Her paintings often operate like dreams – fragmentary yet precise, abstract yet tethered to the body. They evoke systems we half-recognise: nets, maps, cells, currents. Beneath the delicate geometries is something less graspable – a tension between control and release, structure and softness.

Willett’s work draws on a wide range of influences, from Chinese landscape painting and Flemish miniatures to textiles, science fiction, and domestic craft. She also works across installation and photography, with each medium feeding the other in a quiet feedback loop. What remains constant is the labour: the marks, the movement, the sense of time made visible.
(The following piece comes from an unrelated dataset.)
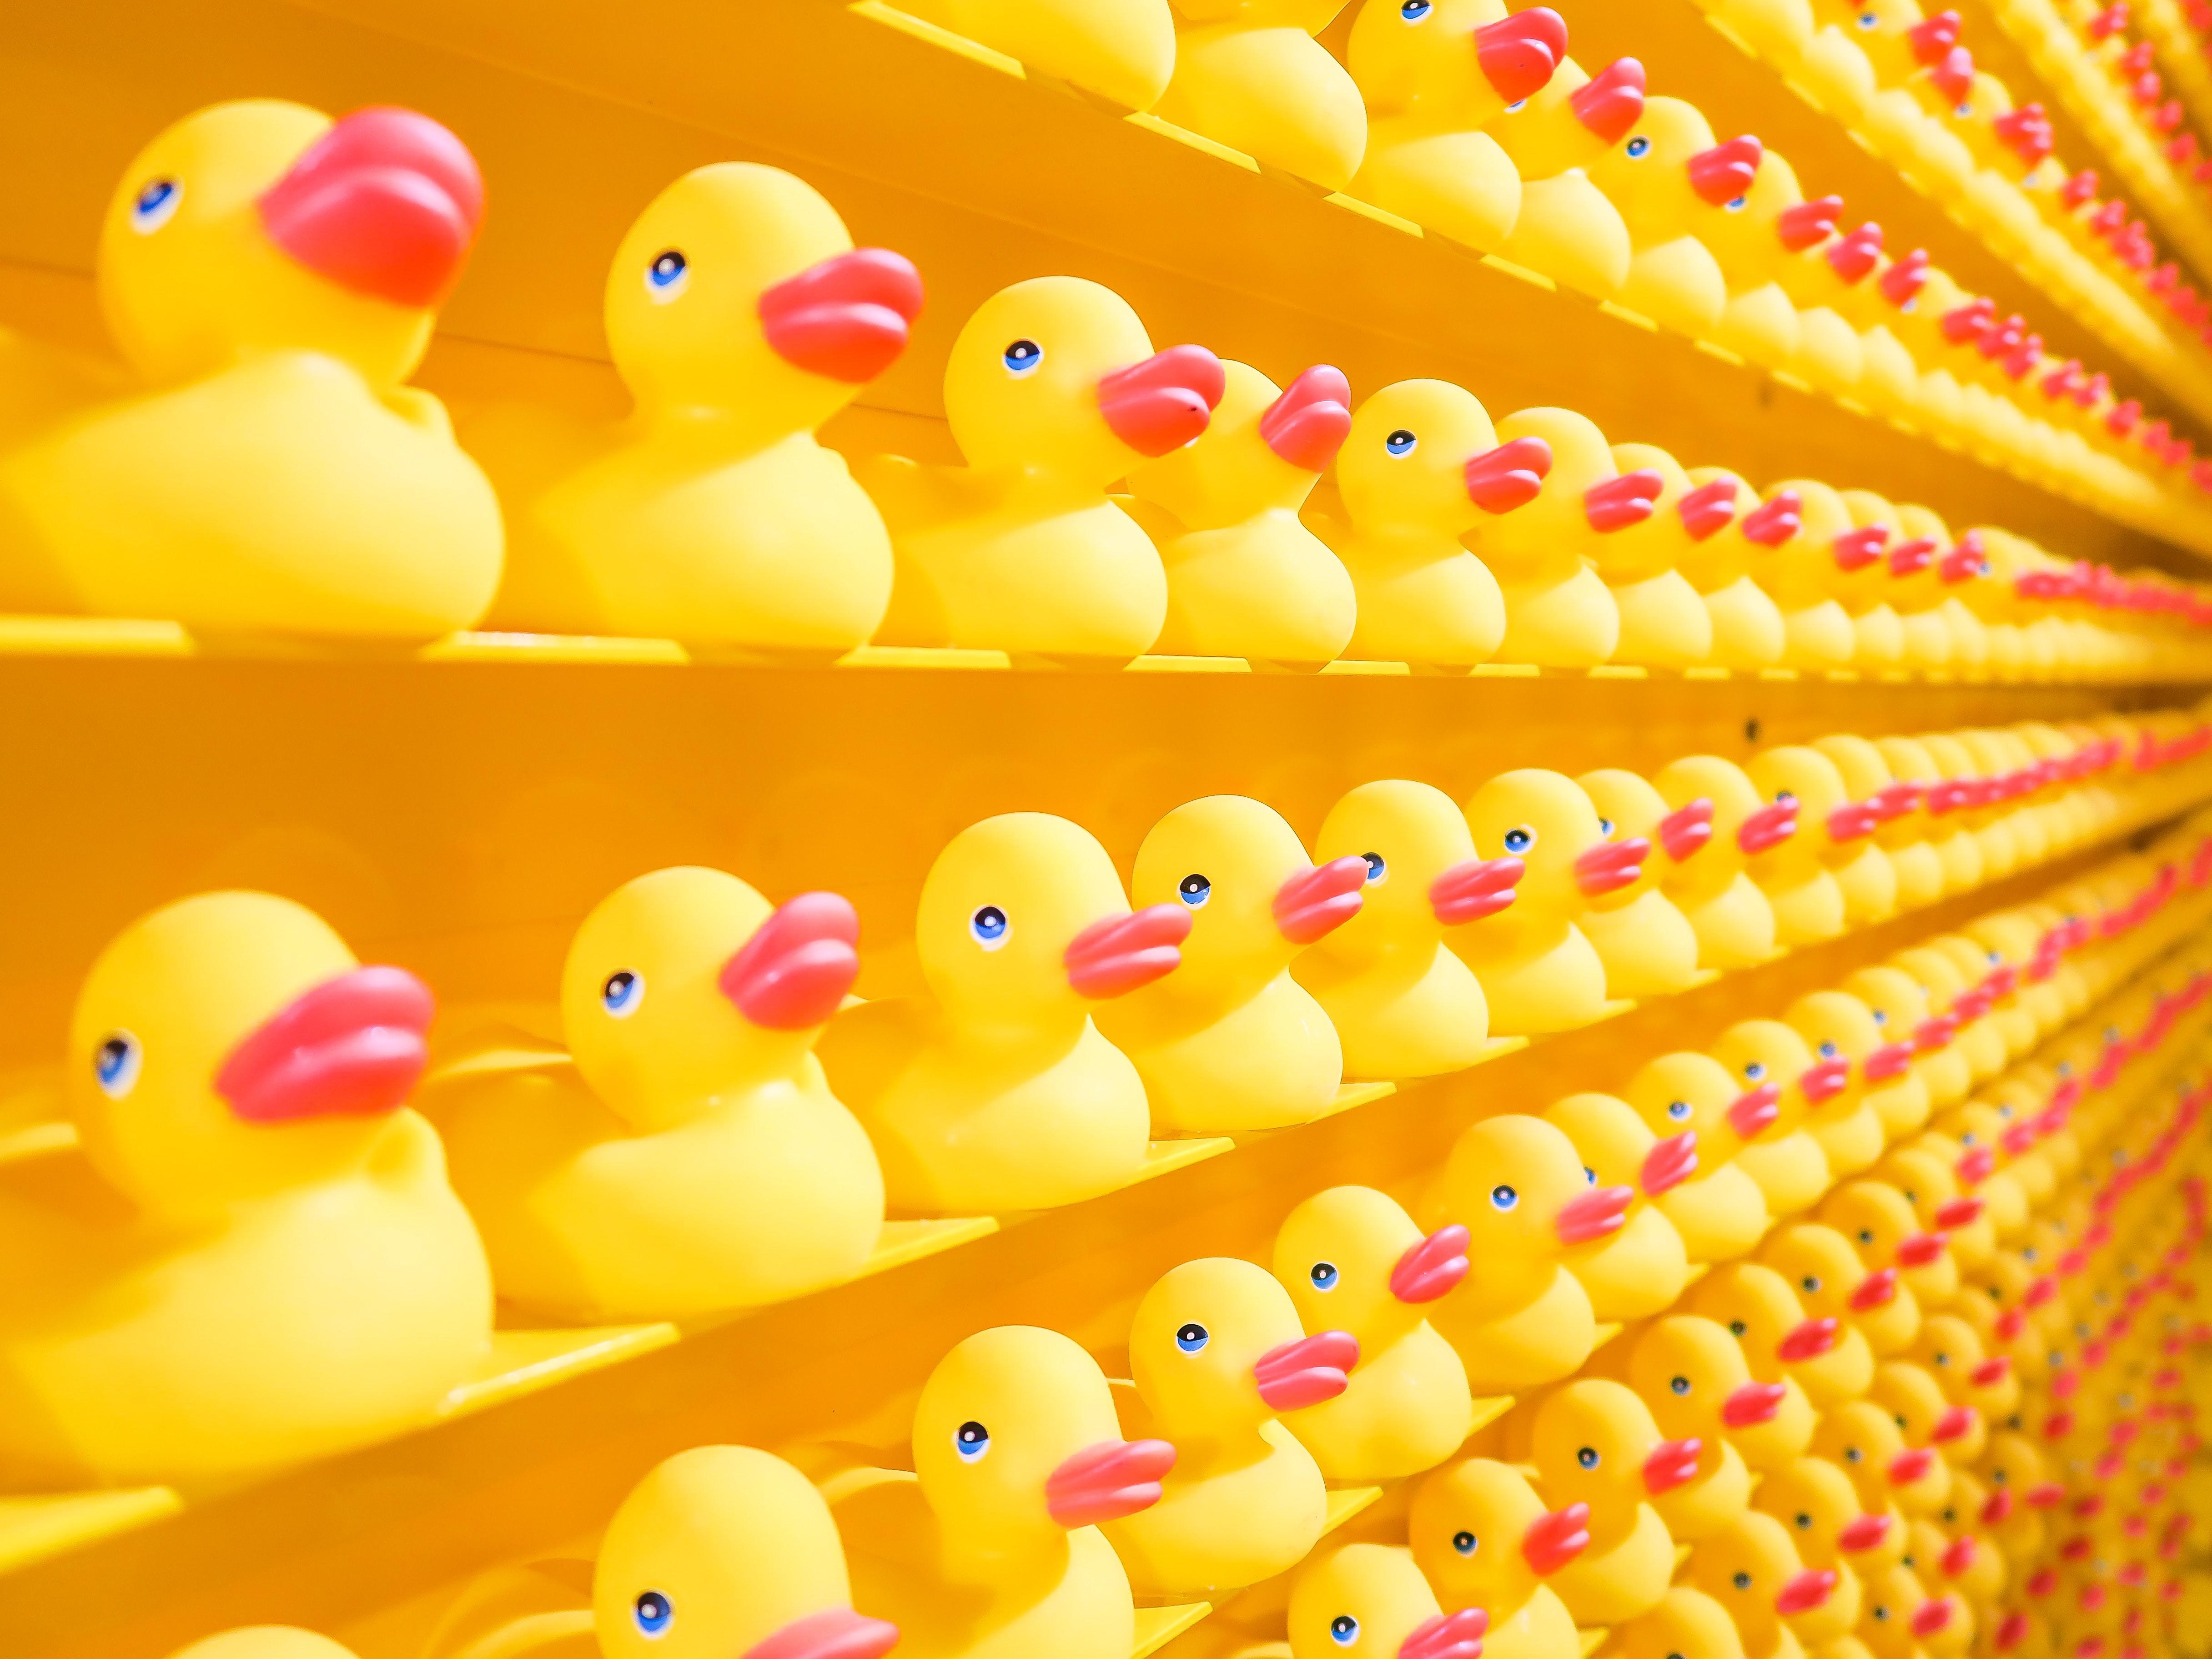 rubber ducks virtual exhibition andy warhol contemporary classic frida khalo google travel localbini biniblog rubber ducks contemporary art virtual exhibition

Her work is held in collections in the UK and internationally, and has been featured in A-N Magazine.

See artwork in-situ
Read about her artistic journey

Artist Statement

My recent paintings follow an evolving methodology. I create detailed, multi-layered, fragmented surfaces through which I aim to investigate perception and illusion. The triangular or circular forms that swarm across the surface evolve gradually over time. The process consists of both systematic repetition and reflective experience and the results are never entirely predictable or envisaged. The nets or webs also act as a form of diagram to the paintings, their flow often working in opposition to the rhythms of the underlying layers to create visual tensions and dynamic movement. The results play with the stability of the viewing experience, sometimes reversing the negative spaces and disrupting the saturated colour field, confusing the eye and tricking the brain.

There is a desire through the labour intensity of the work for the monumental and prosaic to co-exist and for the results to act as a record of the temporal activity, tracing its rhythms and movements. The work also explores the pictorial surface and space as a platform for metamorphosis, transformation and evolution. The paintings often have a playful element, hovering between abstract and representational, elevating the mundane to an absurdly heightened status. The imagery is sourced from a diverse variety of influences including fabrics, mosaics, Chinese landscape painting, Flemish primitive painting, micro/macro biological, sci-fi and pseudo science, as well as referencing traditional domestic and quotidian crafts. I am also interested in the potential of the decorative itself to act as a disruptive or unsettling force. Although painting is the locus of my practice, I also work in a variety of mediums, including photography, printmaking and large scale installations, which immerse the viewer in sensory environments. An interactive dialogue between the installations and paintings often develop, with one informing and advancing the other.